### [Work to be completed]
Would you transcribe exactly the lines from the one containing "Lone Wolf Magazine, Volume" to the last line of the data below, both ends included, but none of the pictures?

### [Provided material]
☆ ☆ ☆ ☆
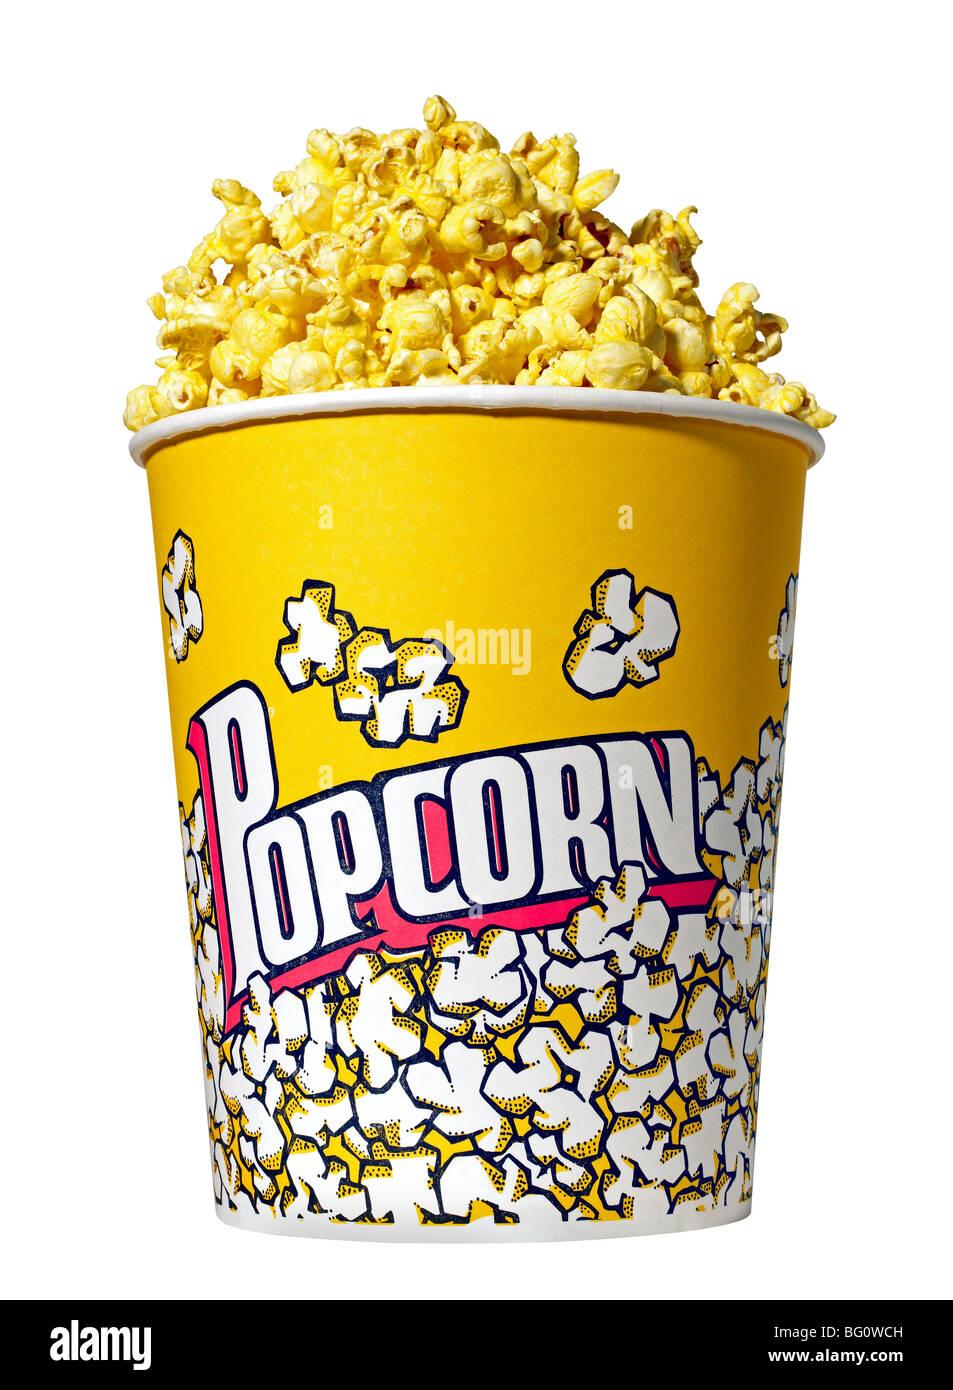 Bucket of Popcorn - Stock Image
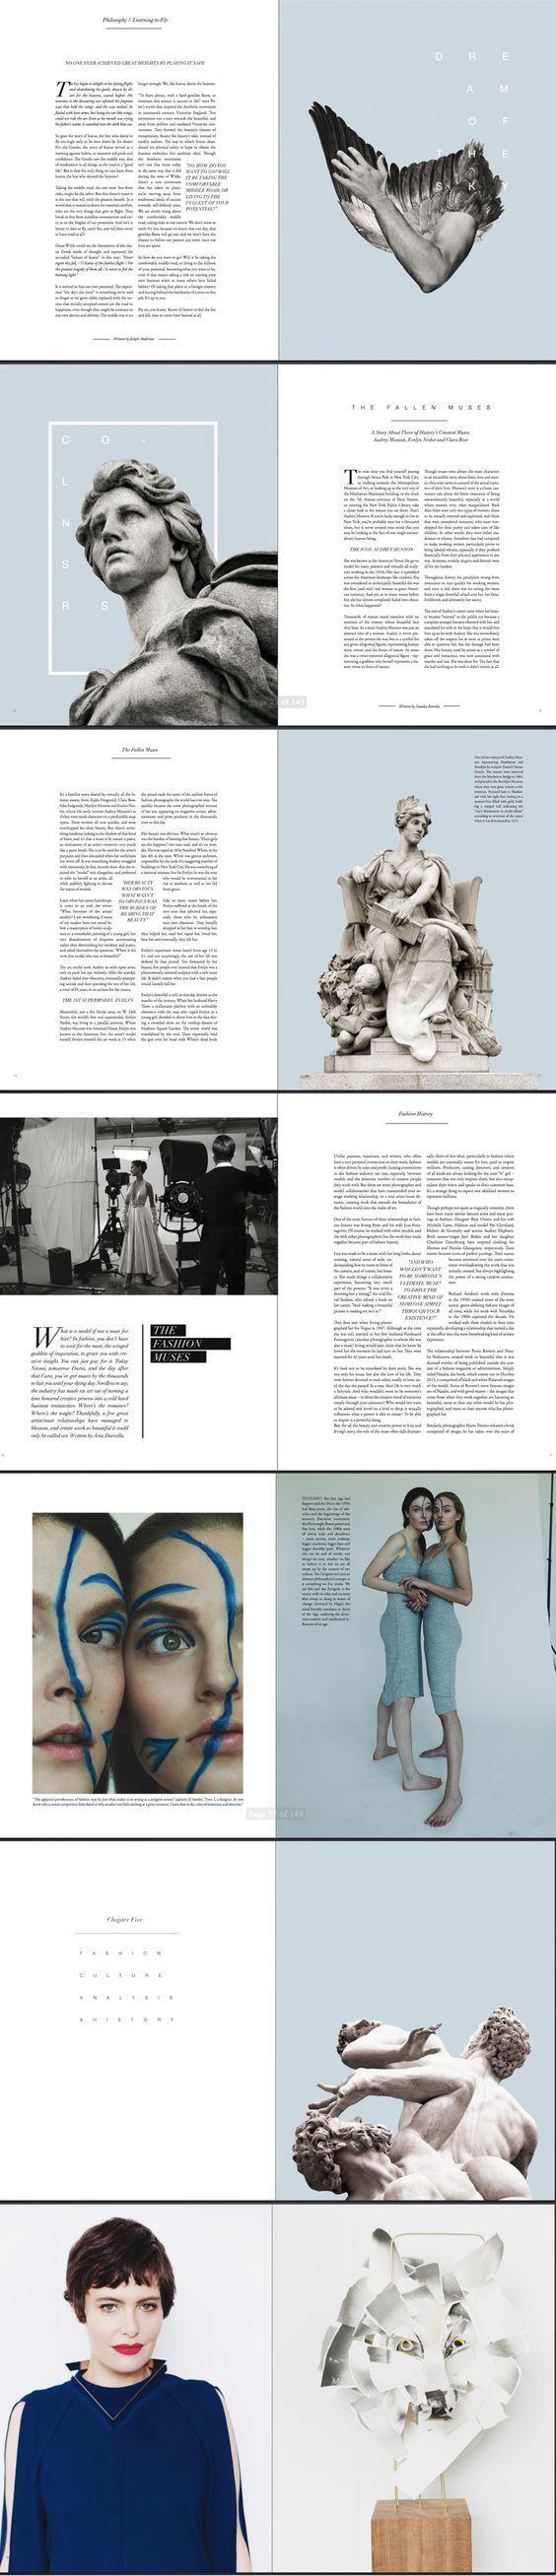 Lone Wolf Magazine, Volume 12 Layout Design | Graphic Design | Magazine Layout:
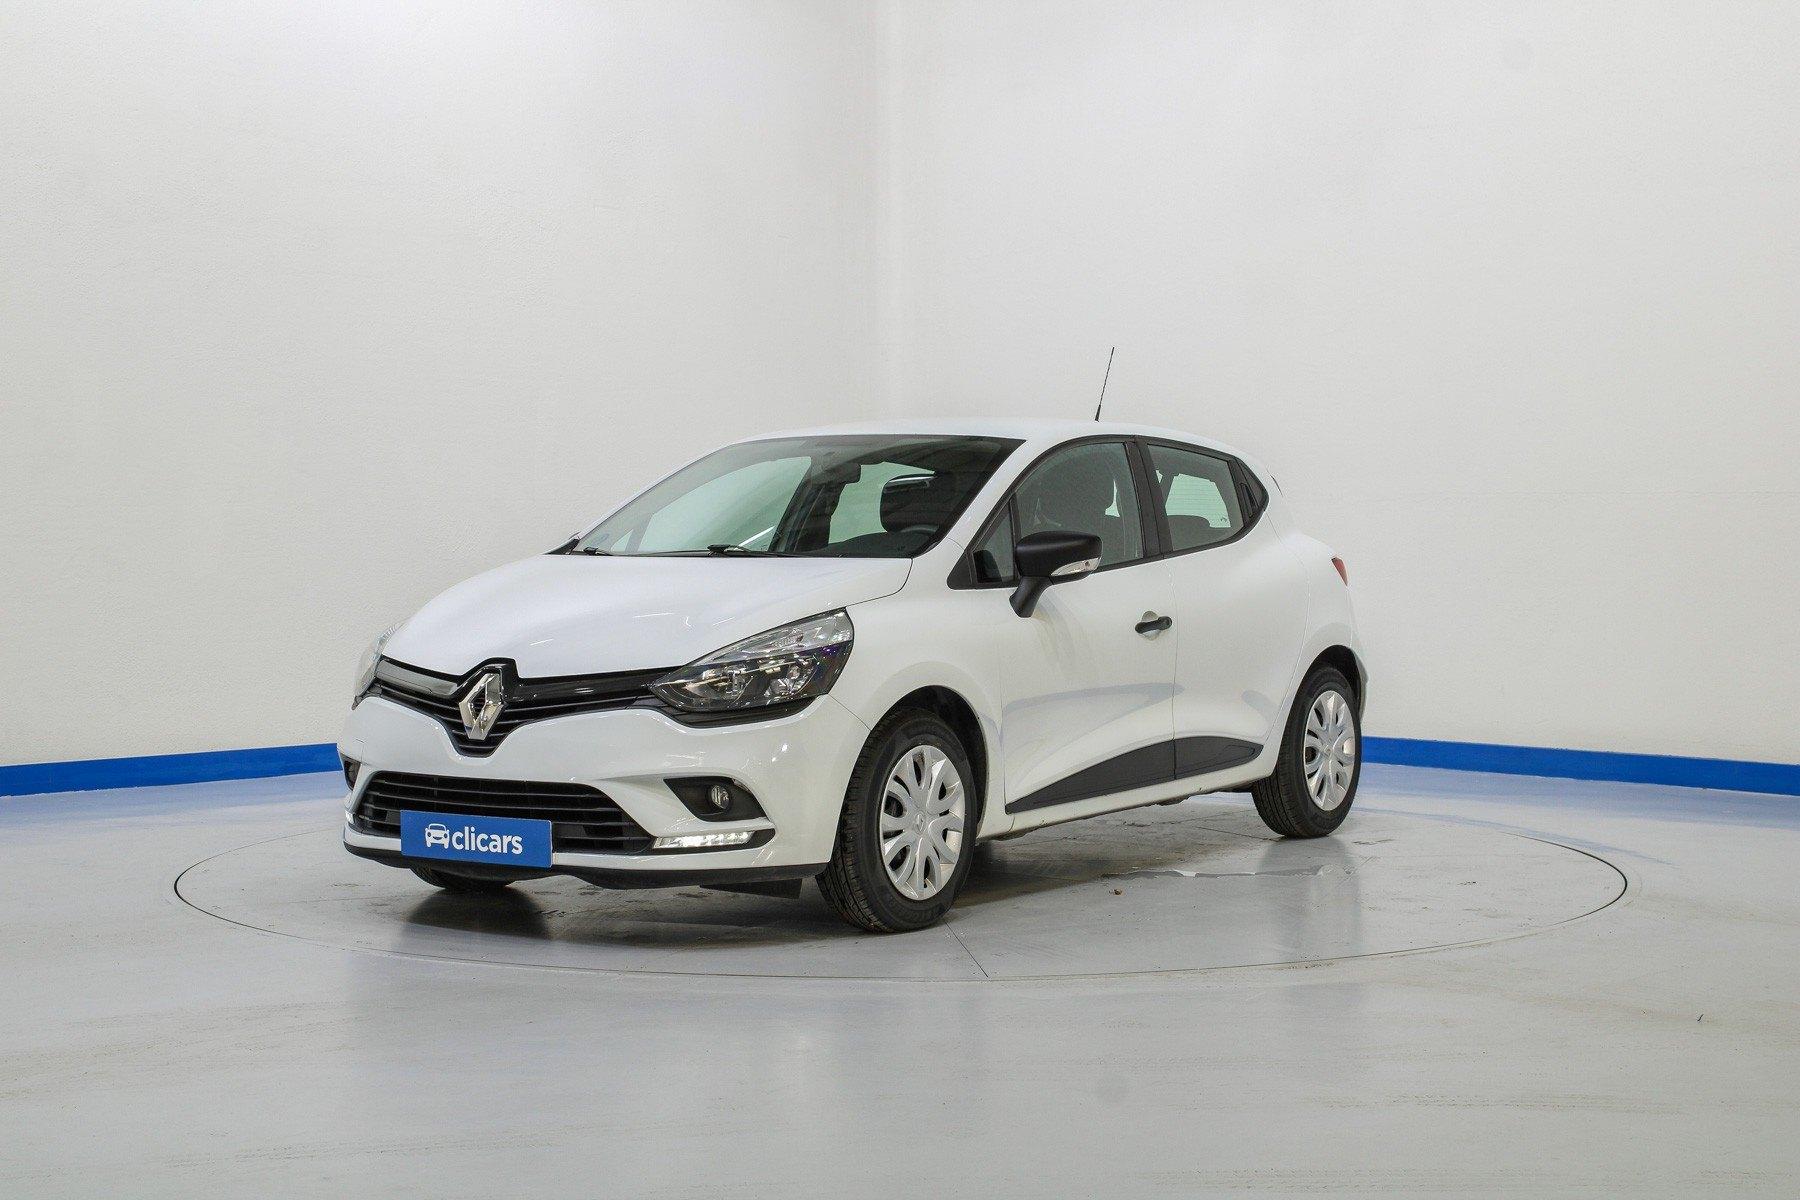 Renault Clio Gas licuado Business TCe 66kW (90CV) GLP -18 1
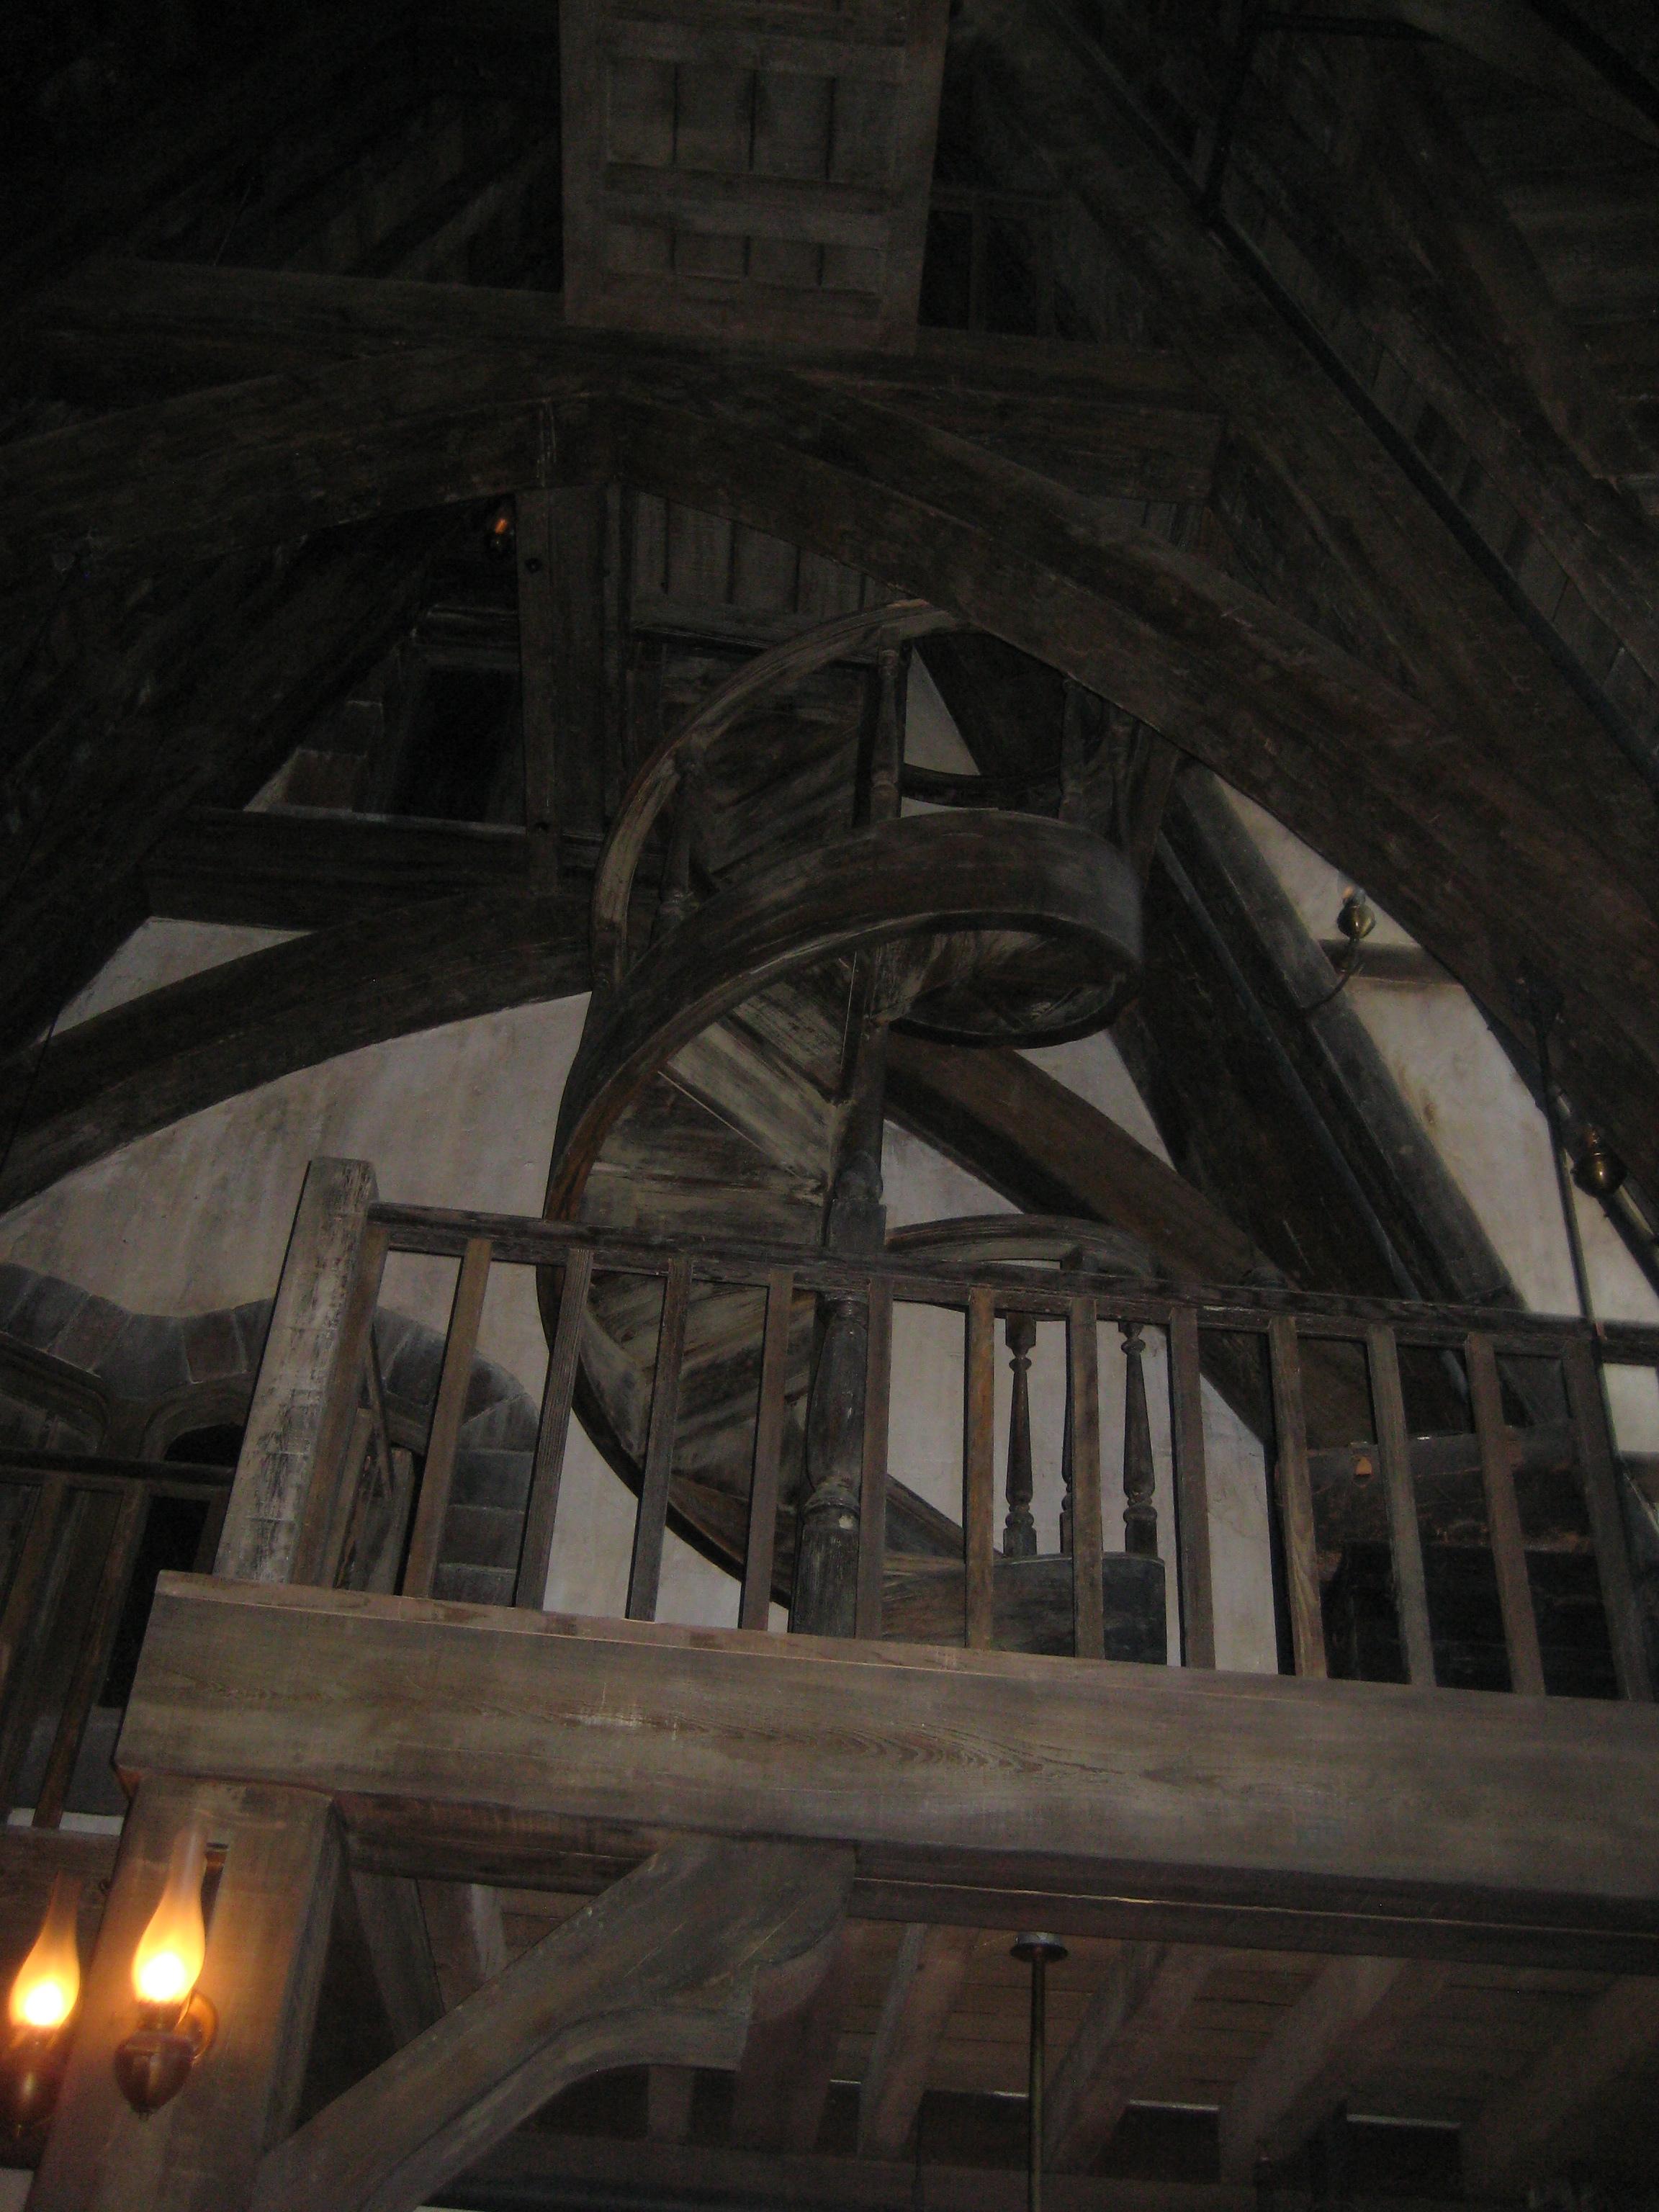 Inside the Three Broomsticks
☆ ☆ ☆ ☆
### [Solution to this problem]
 Lone Wolf Magazine, Volume 12 Layout Design | Graphic Design | Magazine Layout:
 Renault Clio Gas licuado Business TCe 66kW (90CV) GLP -18 1
 Inside the Three Broomsticks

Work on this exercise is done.